Rocky 9.6 the drive letters were disorganized after the system rebooted

After installing the Inspur server 5280m6 system using Rocky 9.6, I noticed that the drive letters were disorganized after the system rebooted. Since it is used as a Ceph server with multiple hard disks, and the drive letters change every time it reboots, how can I resolve this issue?

Has anyone else encountered this issue and how did they resolve it? Thank you

drive letter changing is to be expected, you should be using UUIDs or similar to mount your drives, see changing-drive-letter

The server used for Ceph does not have any disk letters except for the system disk. I encountered the same problem when installing both Rocky9.6 and Rocky10, but Ubuntu 22.04 works normally


when reboot it‘s likes this.

but it should be like this

No, it should not. The ‘sdX’ names are totally free to change on every reboot. (They do not “change”, but are created on boot, “randomly”.)
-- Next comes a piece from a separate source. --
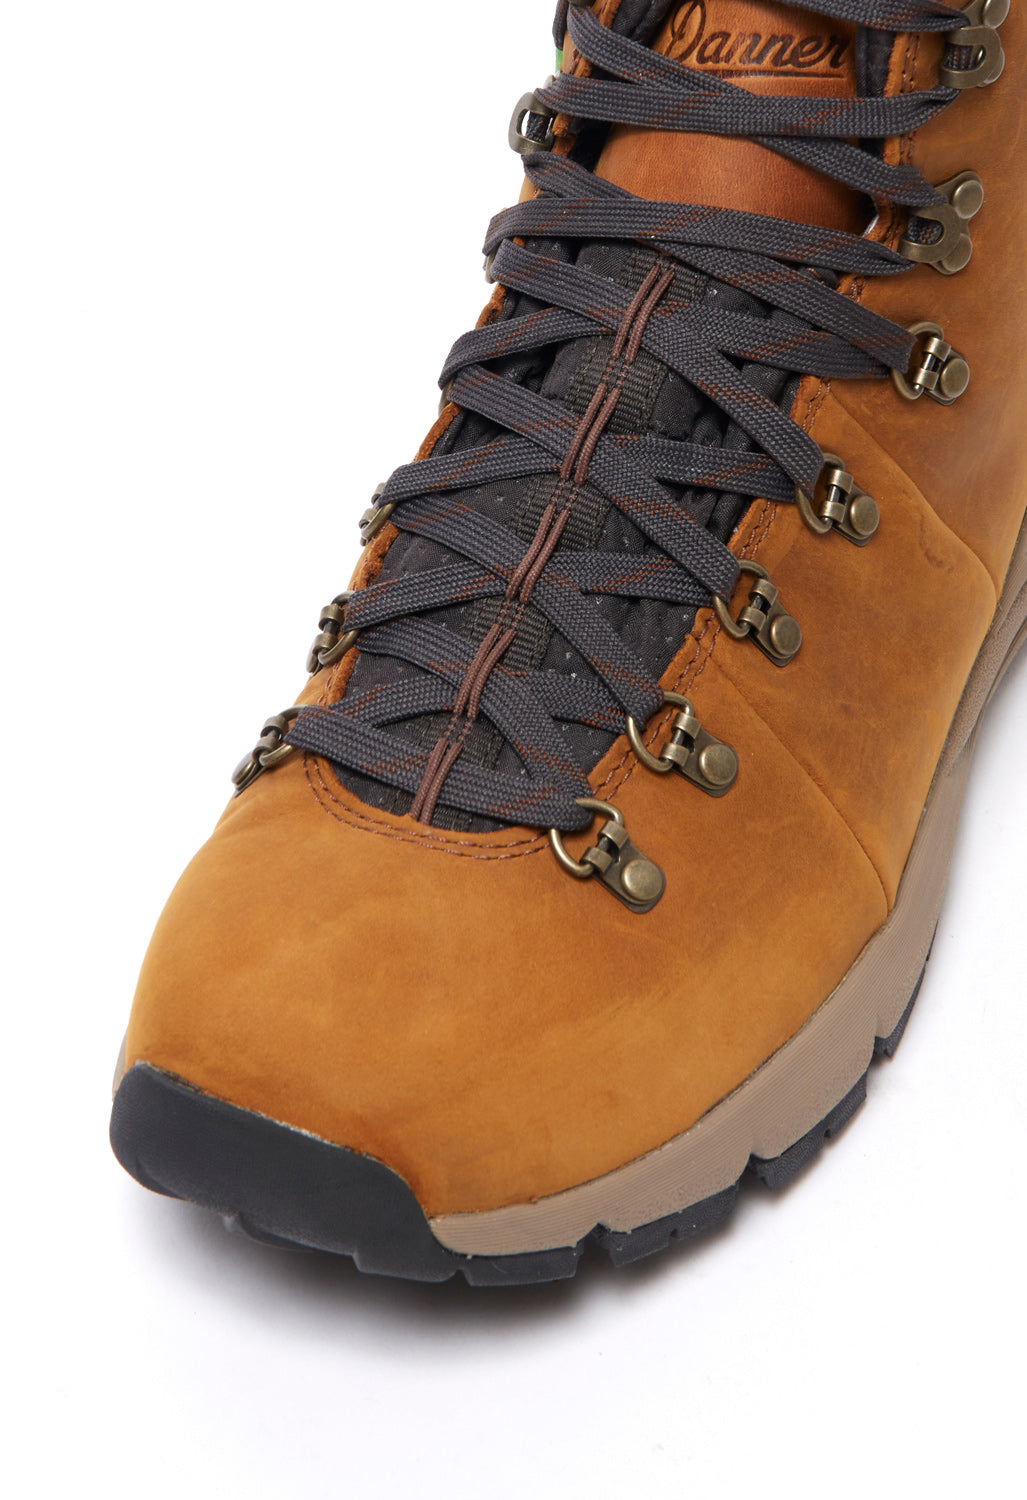 Danner Mountain 600 4.5" Men's Boots - Rich Brown

Do look at /etc/fstab. How are the devices referred to in there?

Do look at lsblk -f and blkid
Do look at ls /dev/disk/by* too.

The UUID and PARTUUID (if they exists) are stored in the partition/filesystem, in the device. They are persistent, predictable.

Similarly, RAID stores metadata about a RAID array within the member disks of the array.
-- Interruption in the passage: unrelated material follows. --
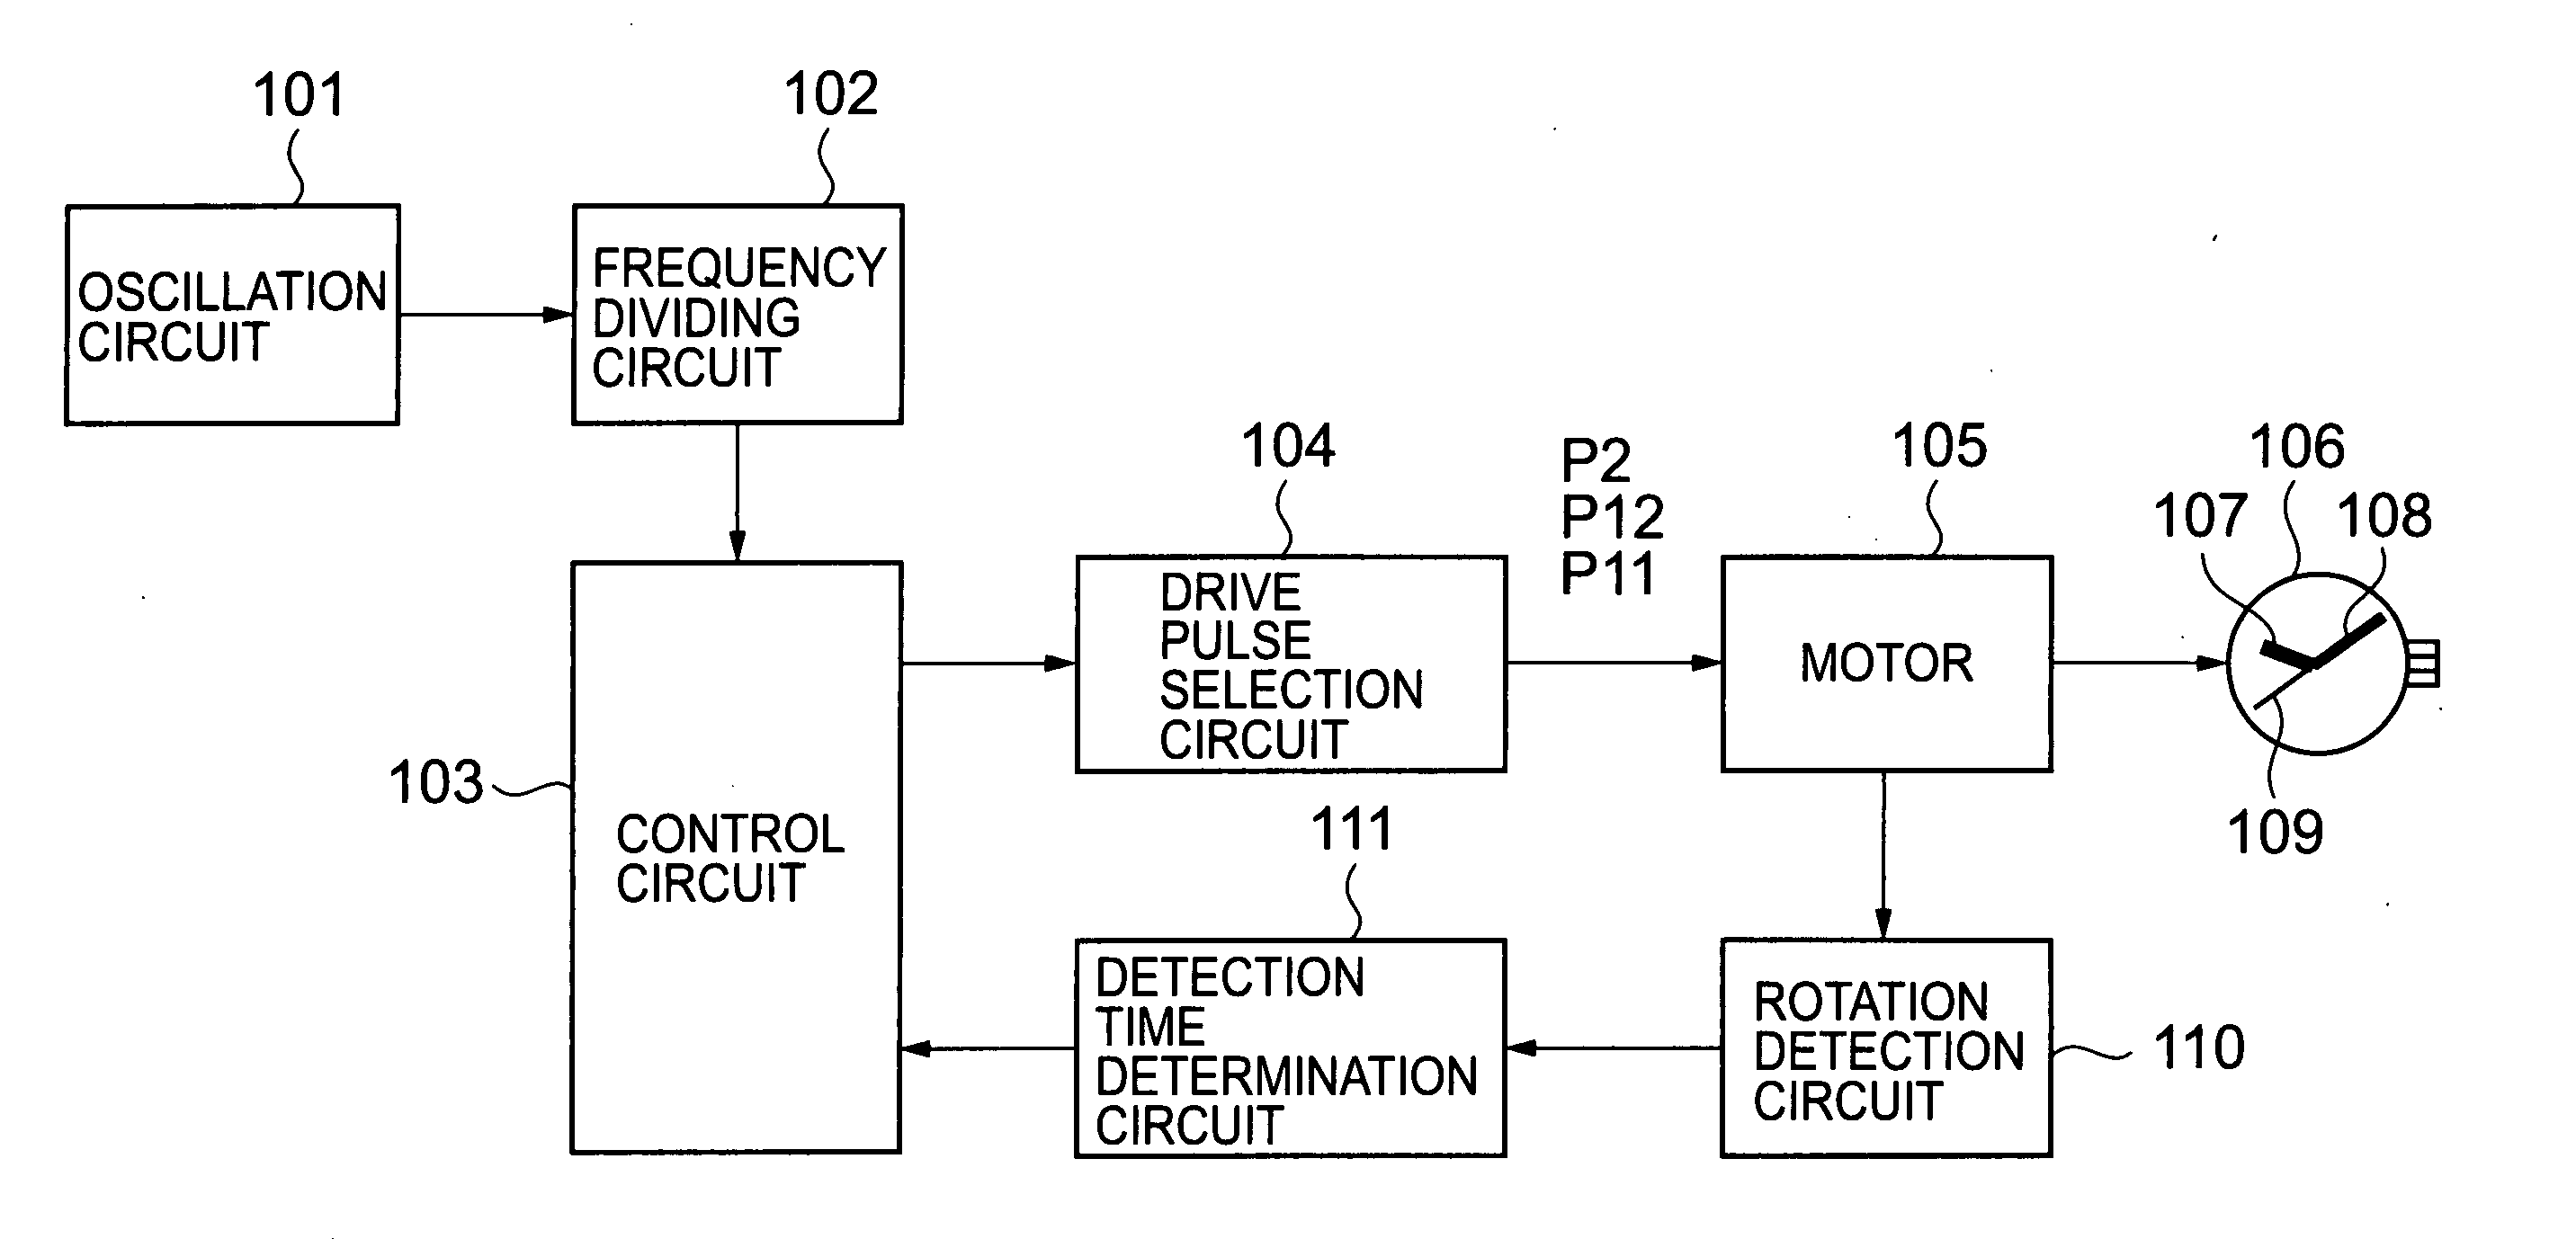 Analogue Electronic Clock and Motor Control Circuit

I don’t have Ceph, but I do have ZFS pool in one system and there too a member is not ‘sd-something’, but pci-0000:02:00.0-scsi-0:0:1:0
Today, that seems to have name “sdb”:

# ls -l /dev/disk/by-path/pci-0000:02:00.0-scsi-0:0:1:0
lrwxrwxrwx. 1 root root 9 Mar 30 10:33 /dev/disk/by-path/pci-0000:02:00.0-scsi-0:0:1:0 -> ../../sdb

Do check the Ceph documentation on how you can refer to disks / how it constructs its pool/array/volume/whatever.